*** Opening Material shown ***

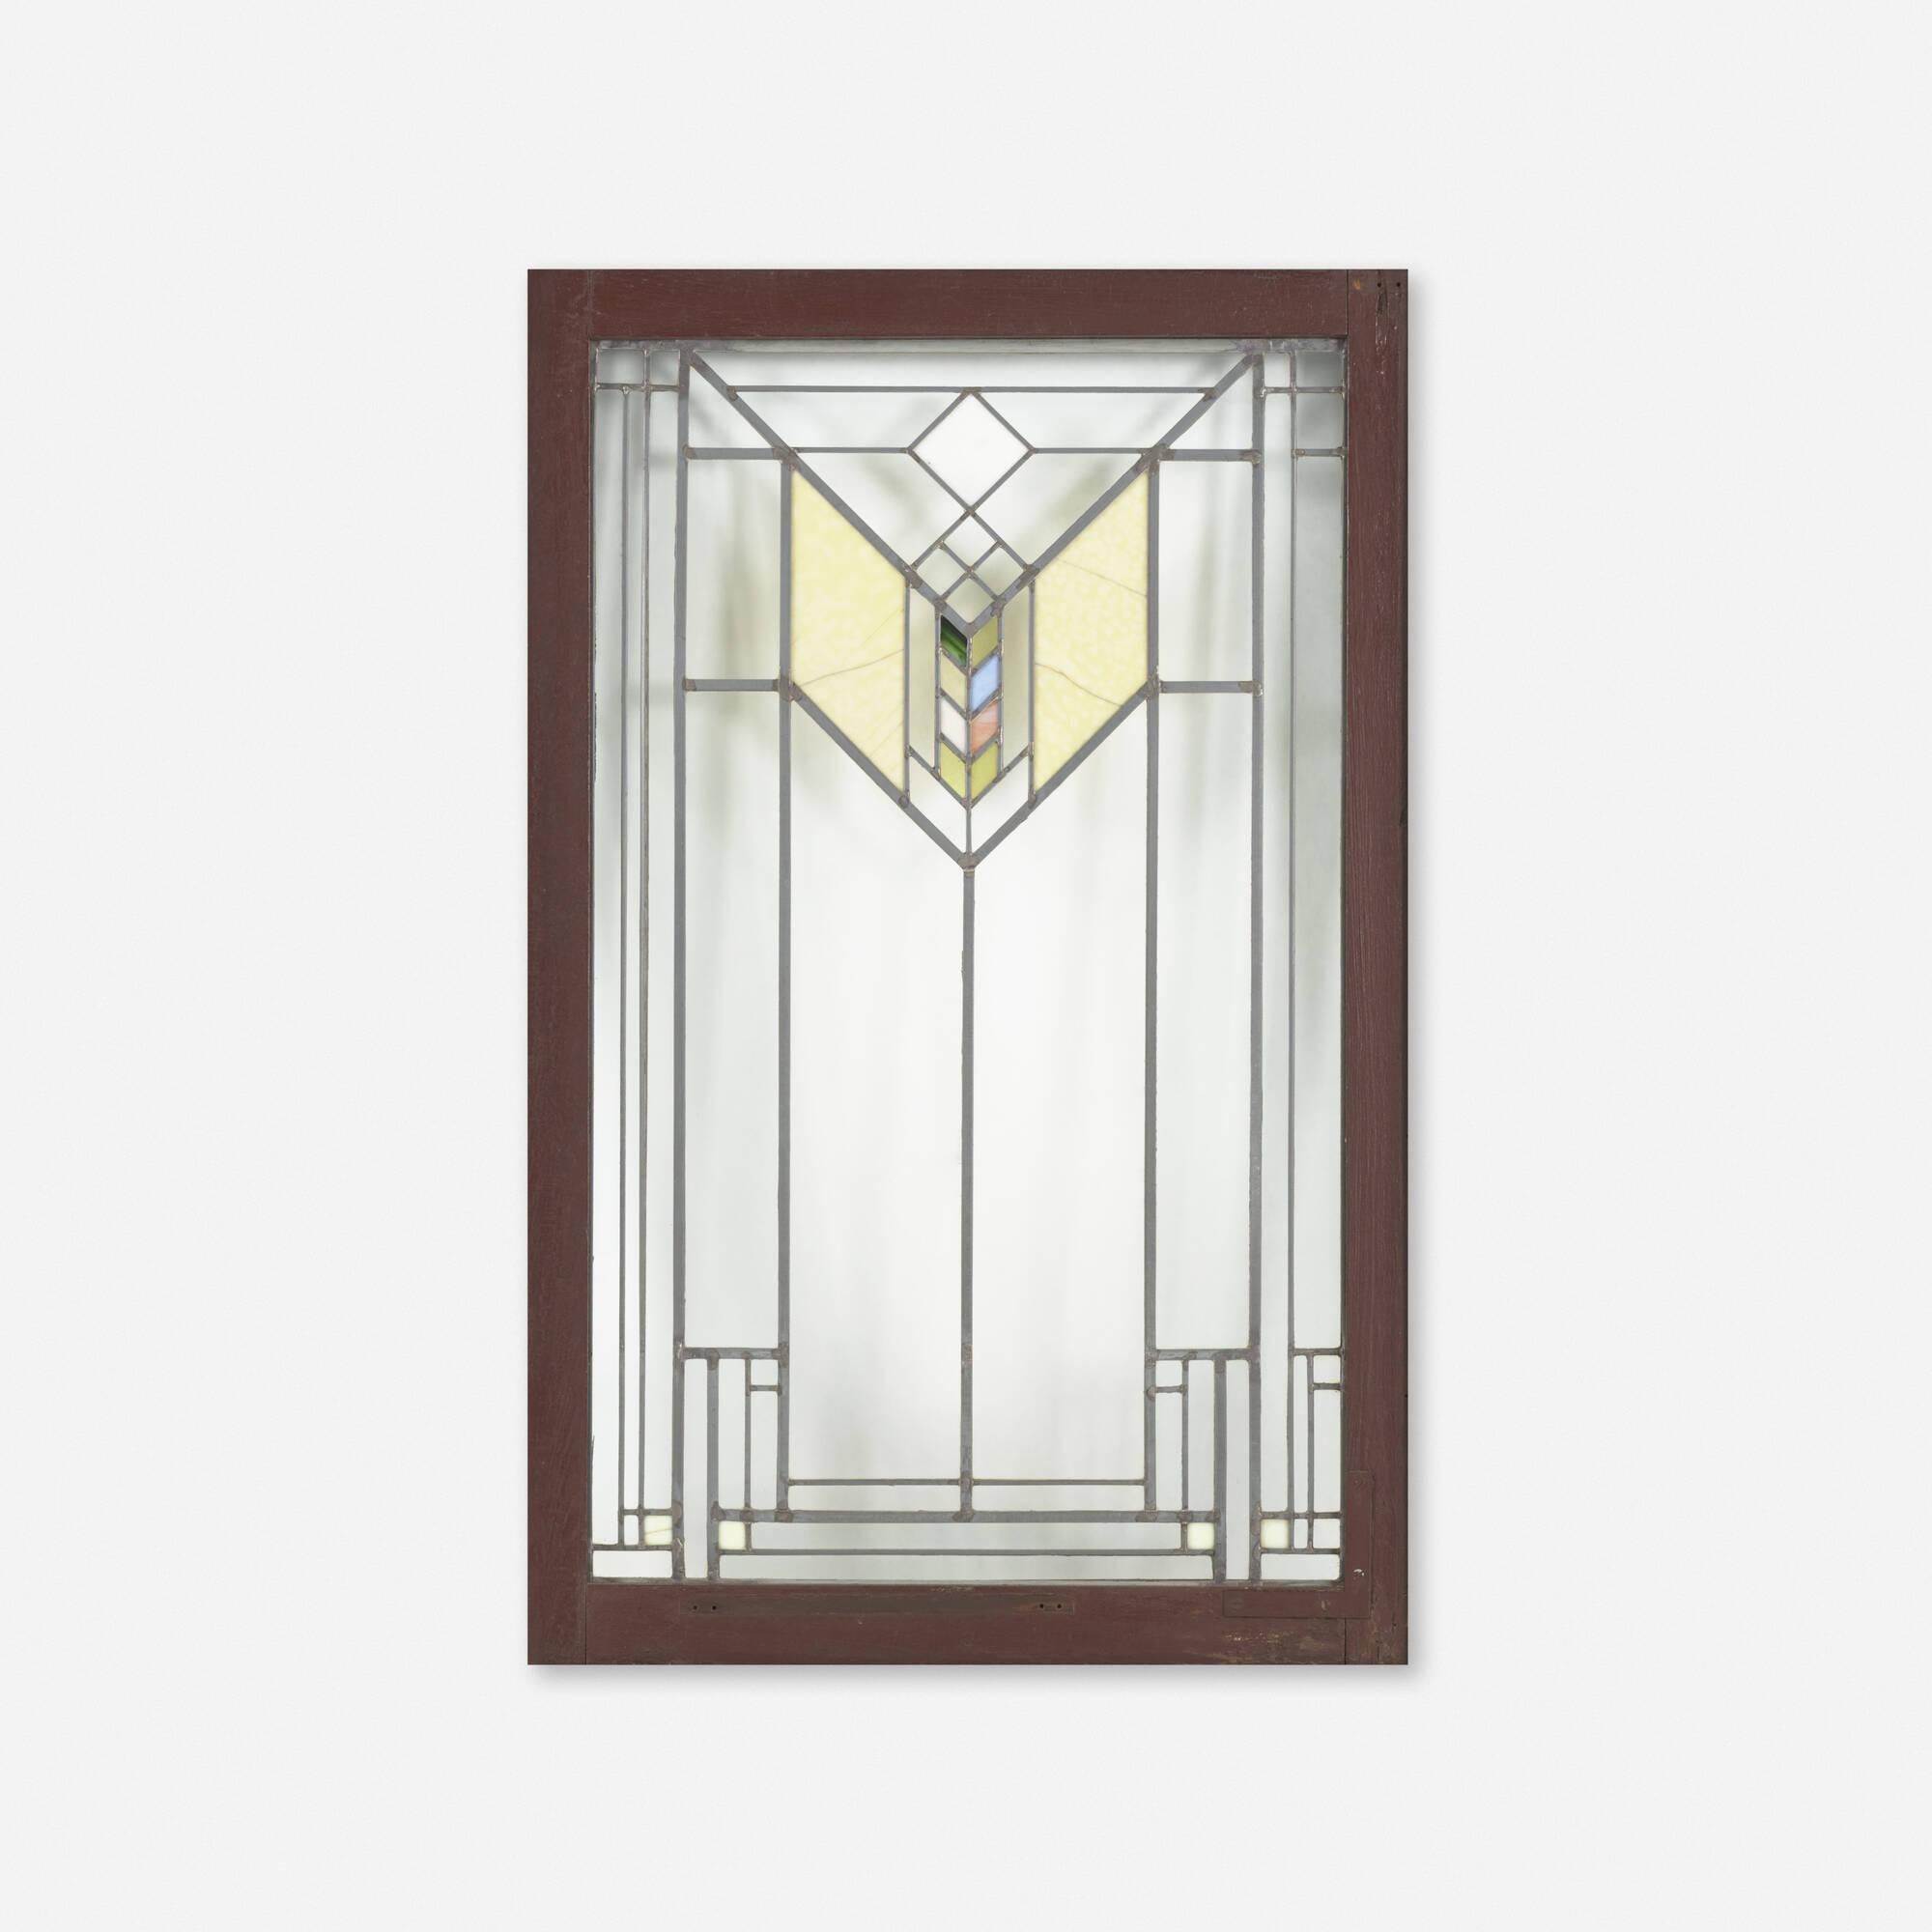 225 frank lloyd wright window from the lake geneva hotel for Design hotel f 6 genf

*** Closing Material shown ***
*** Opening Material shown ***

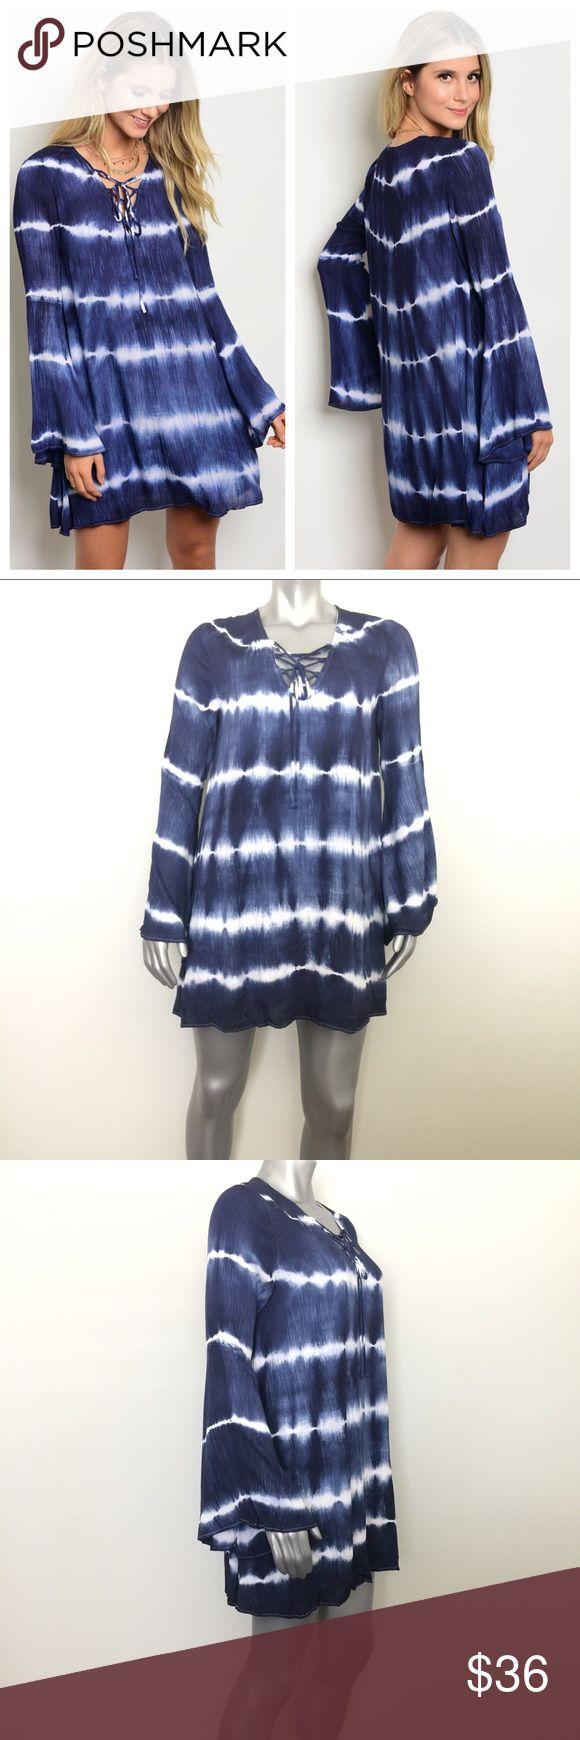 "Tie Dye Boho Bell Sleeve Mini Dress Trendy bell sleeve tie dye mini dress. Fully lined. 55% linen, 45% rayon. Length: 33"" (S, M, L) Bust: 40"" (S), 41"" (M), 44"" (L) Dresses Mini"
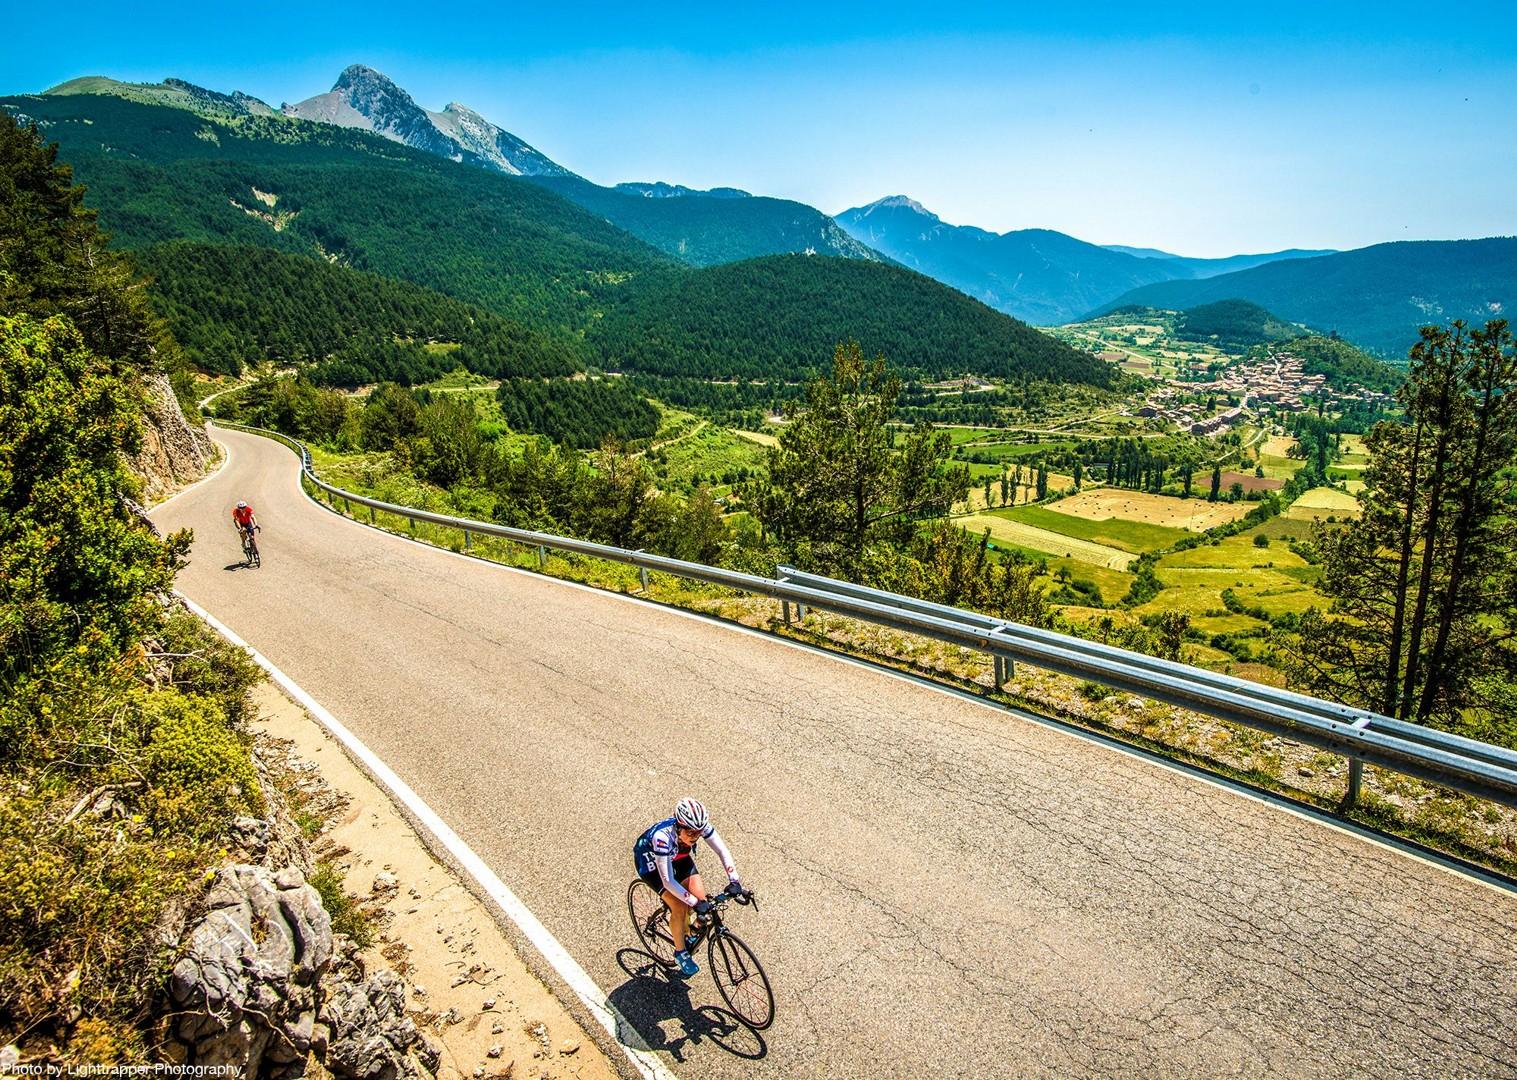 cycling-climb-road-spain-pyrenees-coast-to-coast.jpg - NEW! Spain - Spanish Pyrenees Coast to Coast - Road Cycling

*** Closing Material shown ***

__Problem statement__. In the entries above, find the line containing "Dye Boho Bell" and the line containing "cycling-climb-road-spain-pyrenees-coast-to-coast.jpg - NEW!"; give again exactly those two lines and every line between them, minus the pictures.

__Response box__.
 "Tie Dye Boho Bell Sleeve Mini Dress Trendy bell sleeve tie dye mini dress. Fully lined. 55% linen, 45% rayon. Length: 33"" (S, M, L) Bust: 40"" (S), 41"" (M), 44"" (L) Dresses Mini"
 cycling-climb-road-spain-pyrenees-coast-to-coast.jpg - NEW! Spain - Spanish Pyrenees Coast to Coast - Road Cycling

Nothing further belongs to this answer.